Algiers: Opec member Algeria says it will launch a new “economic growth model” for the next four years focused on reforming the tax system to bring in more revenue and reduce dependence on energy exports.

The plan is part of long-awaited moves to diversify the North African economy away from oil and gas, which account for 95 per cent of export revenues and 60 per cent of the state budget.

A sharp drop in global crude oil prices has pushed the government to cut spending for 2016 by 9 per cent and plan further cuts over the next few years.

“The new economic growth model is based on a revised budget policy backed by the improvement of revenues from ordinary taxation,” the presidency said in a statement after a cabinet meeting chaired by President Abdul Aziz Bouteflika late on Tuesday.

That measure will help “cover, by the end of 2019, operating expenditures as well as irreducible expenditures for public infrastructure”, it said.

Algeria has already suspended several infrastructure projects to ease financial pressure since oil prices started falling in mid-2014.

The government posted a record budget deficit of about 16 per cent of gross domestic product (GDP) in 2015, and its foreign exchange reserves are expected to fall to $116 billion by the end of 2016, from $136.9 billion (Dh502.4 billion) in May.

The government says GDP (gross domestic product) grew 3.9 per cent in 2015, just below its 4 per cent forecast, but a little faster than 2014 growth of 3.8 per cent. It put 2013 growth at 4.2 per cent.

The International Monetary Fund put growth at 3.7 per cent in 2015 and expects it to slow to 3.4 per cent this year.

Digital economy

The new model aims to boost investment in “high value-added sectors” such as agribusiness, renewable energy, services, digital economy, industry, mining and downstream activities in the hydrocarbons sector, the statement said. It did not give details.

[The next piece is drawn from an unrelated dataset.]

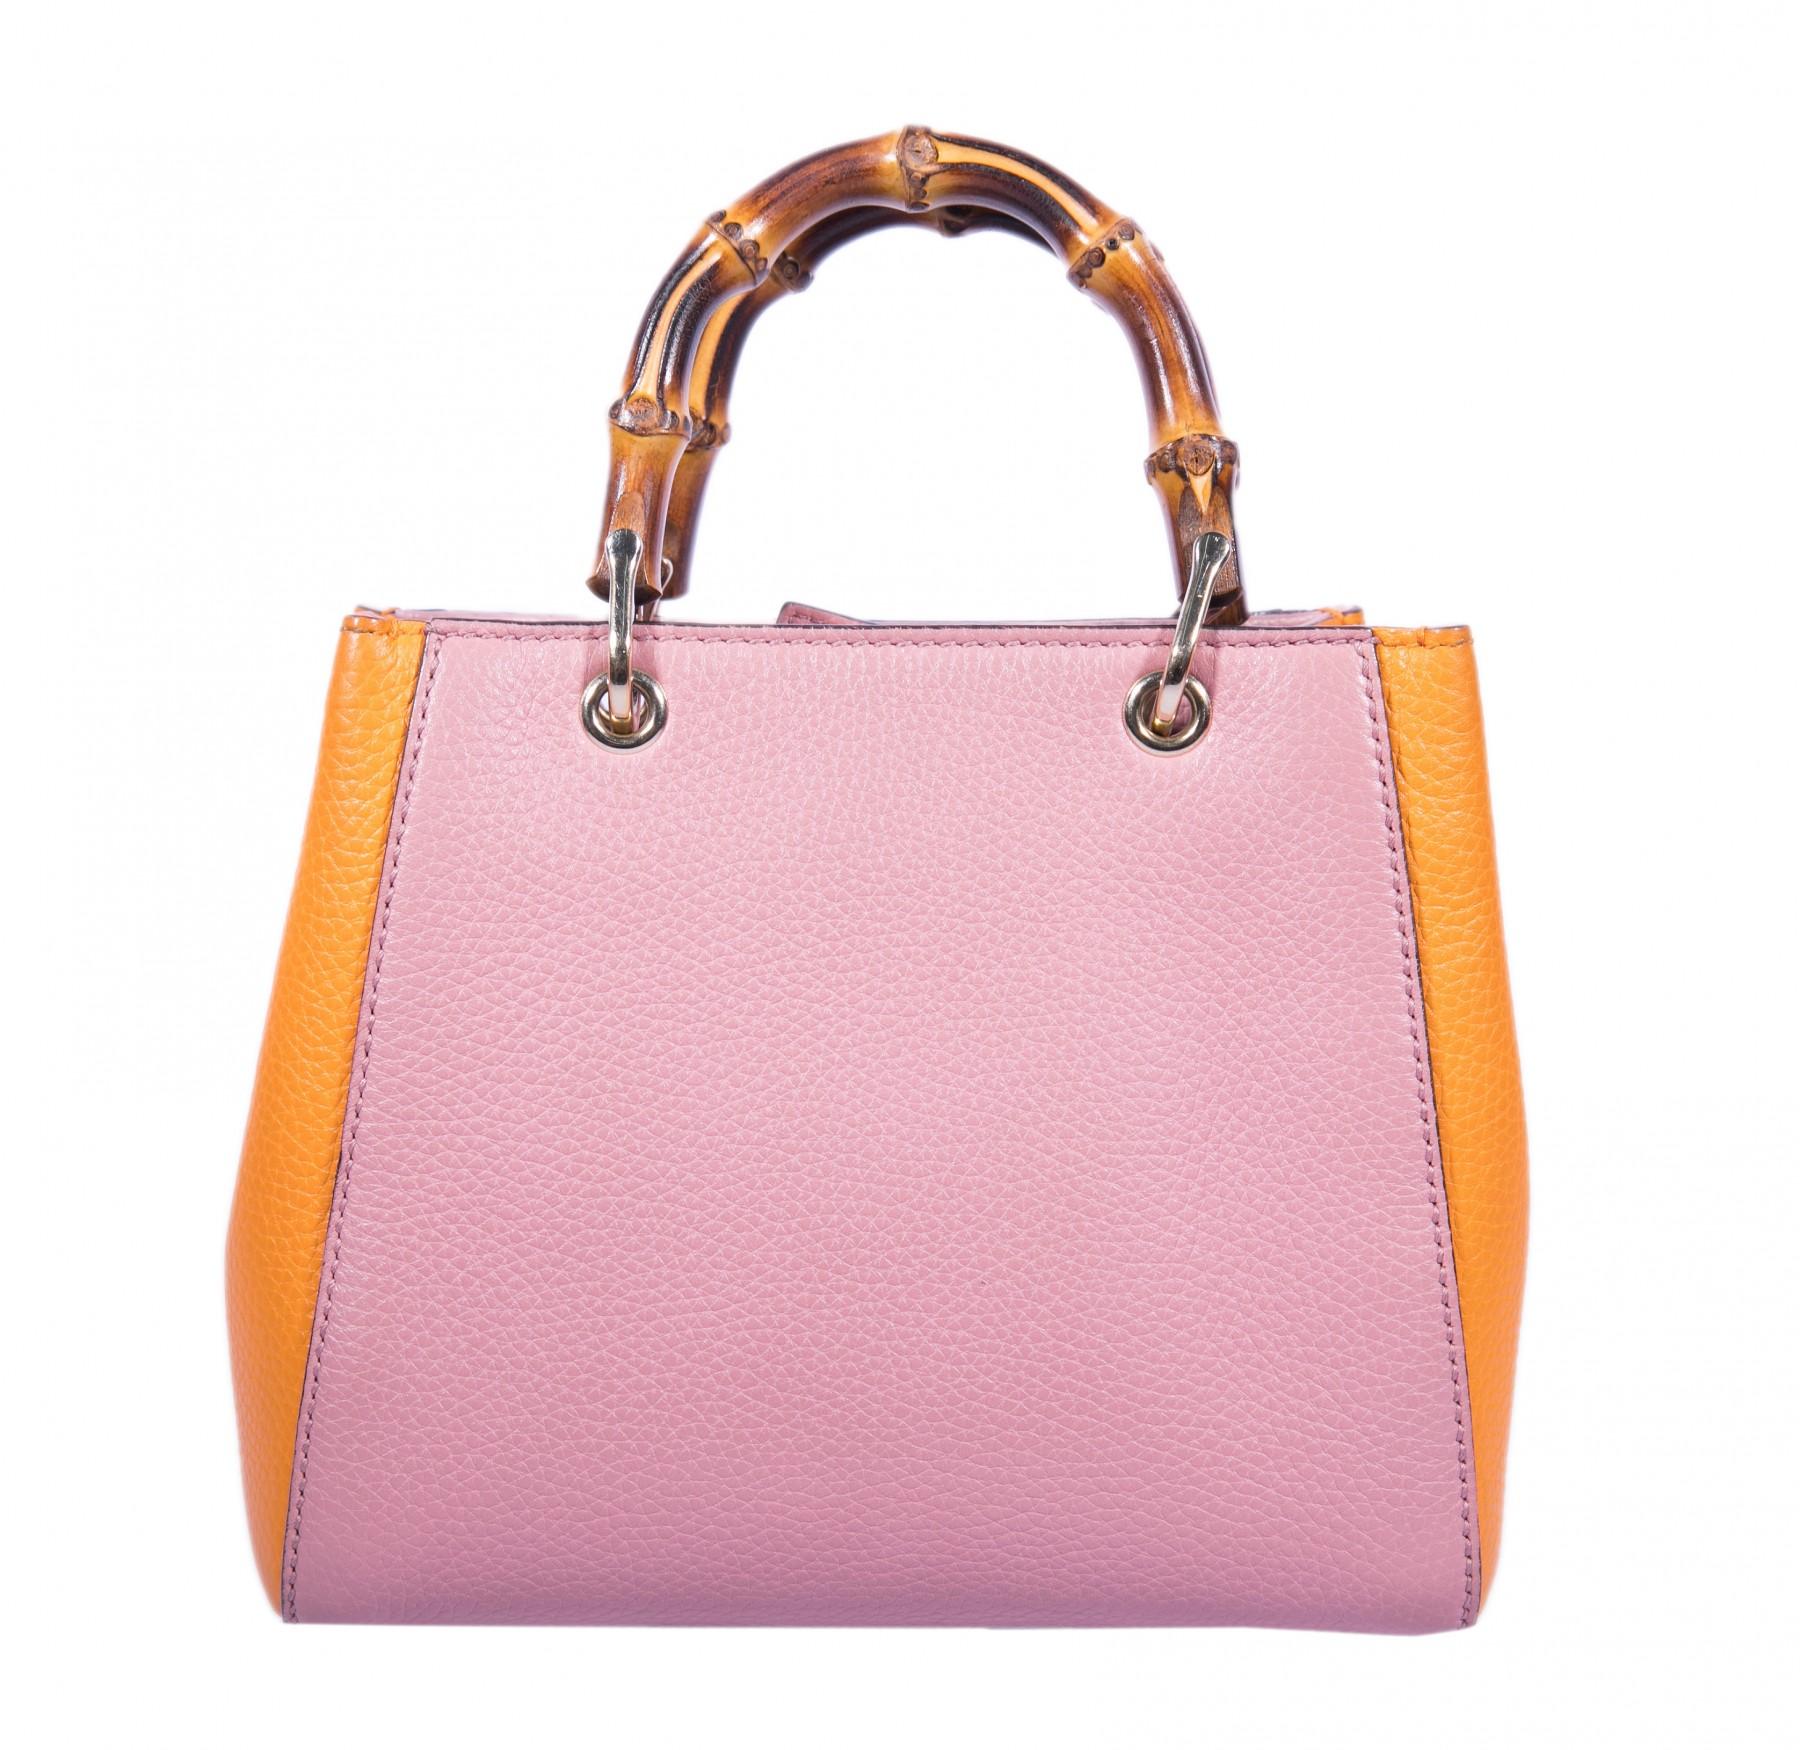 a3a67c2325c9 Gucci Pink Orange Mini Bamboo Shopper Tote

Algeria will also mobilise “additional resources on the local financial market, including bond issues”, the presidency said.

Earlier this year Algeria launched its first bond issue in more than a decade to finance investment projects in several sectors.

In an apparent move to reform its subsidy system, it raised petrol and utility prices for the first time in about a decade this year, lifting the price of fuel by about 35 per cent and increasing value added tax on electricity from 7 per cent to 17 per cent.

It has also approved a new investment law aimed at improving the business climate in the non-oil sector.

“Officials should intensify efforts to inform public opinion on the difficult financial conditions facing the country as well as the growth and employment prospects that Algeria is able to achieve in the medium term,” Bouteflika said during the cabinet meeting, according to the statement.